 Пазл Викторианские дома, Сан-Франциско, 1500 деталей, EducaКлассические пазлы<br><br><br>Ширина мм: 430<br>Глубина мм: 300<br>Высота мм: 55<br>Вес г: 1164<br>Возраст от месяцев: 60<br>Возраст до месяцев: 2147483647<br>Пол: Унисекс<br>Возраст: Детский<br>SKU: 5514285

□ □ □ □ □

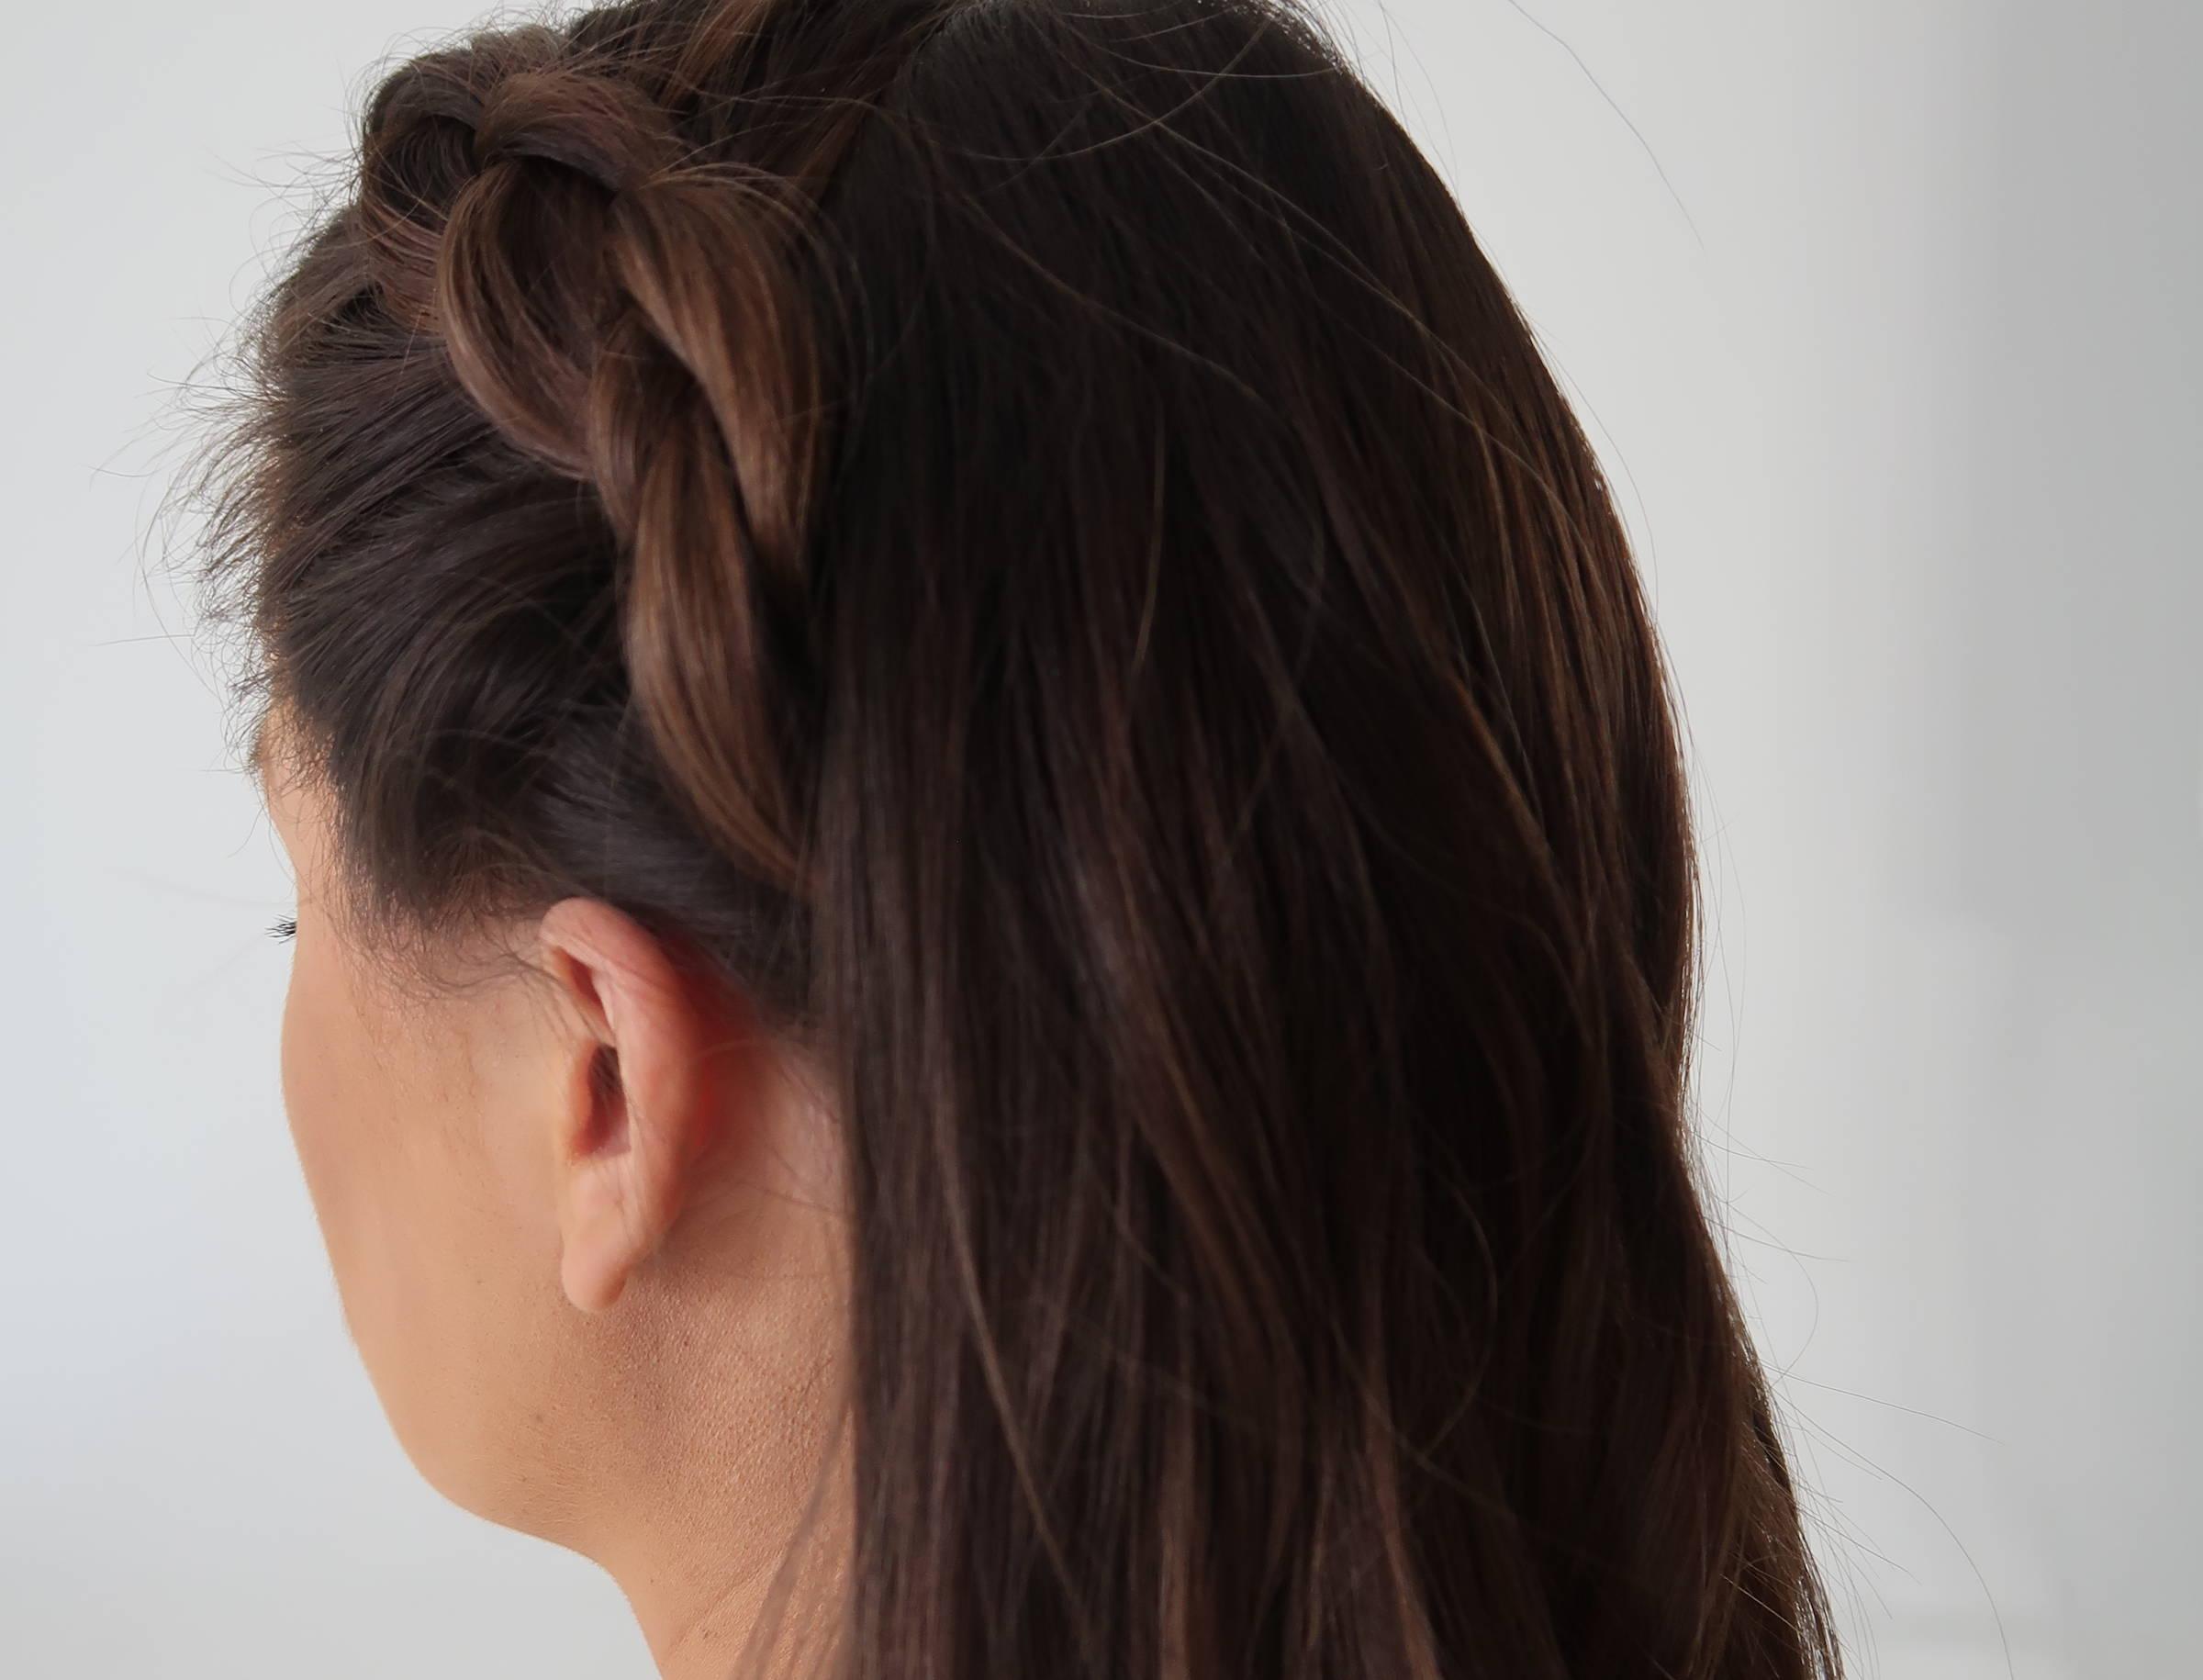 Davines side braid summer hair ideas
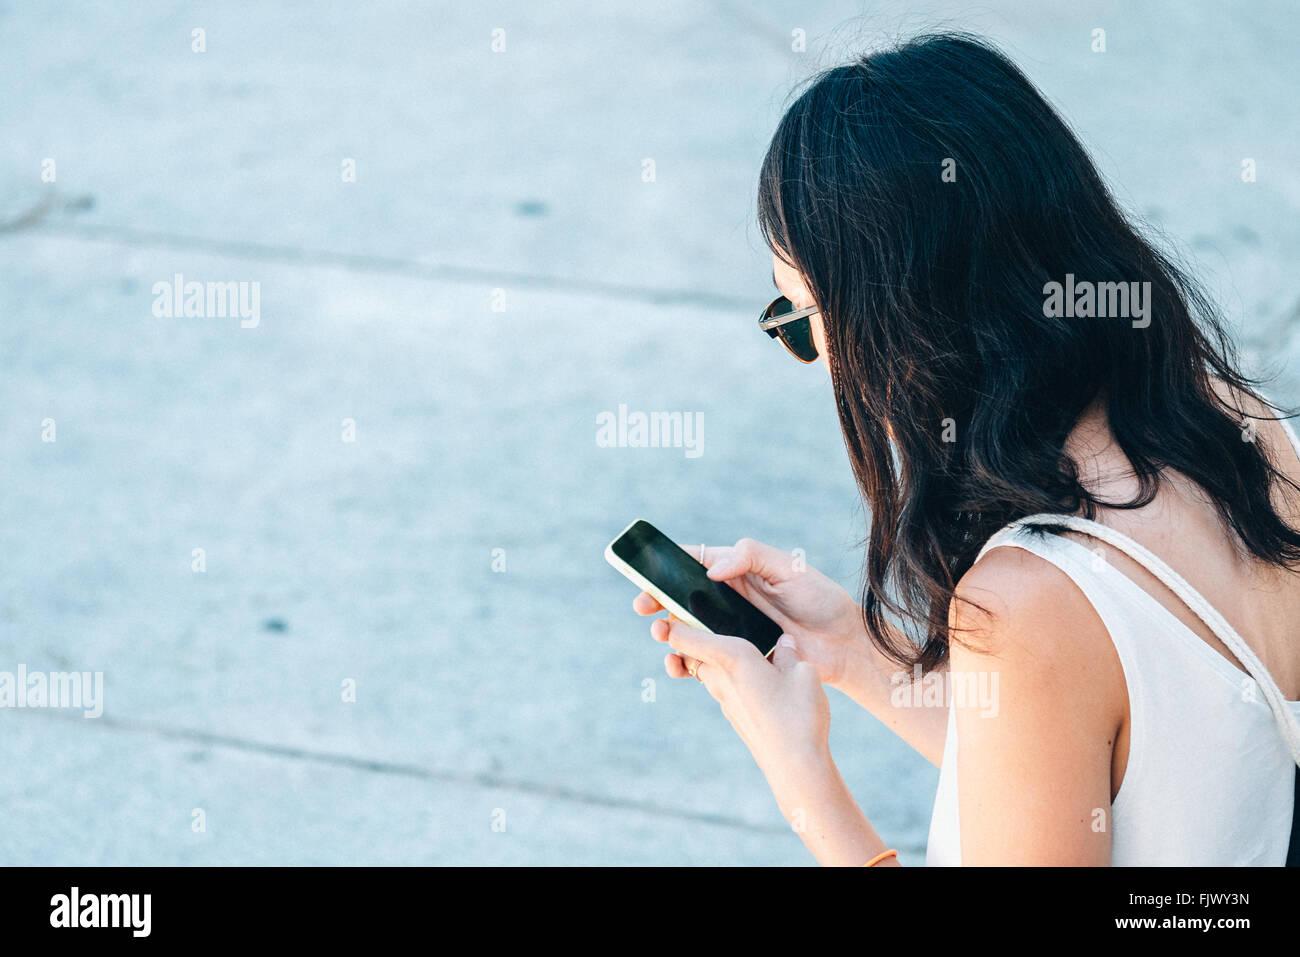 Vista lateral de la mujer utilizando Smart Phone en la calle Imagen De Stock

□ □ □ □ □

§ **Work request**:
Using the entries above, transcribe exactly from the line that has "Davines side braid summer hair ideas" through the line that has "Vista lateral de". Pictures are dropped.

§ **Your solution**:
 Davines side braid summer hair ideas
 Vista lateral de la mujer utilizando Smart Phone en la calle Imagen De Stock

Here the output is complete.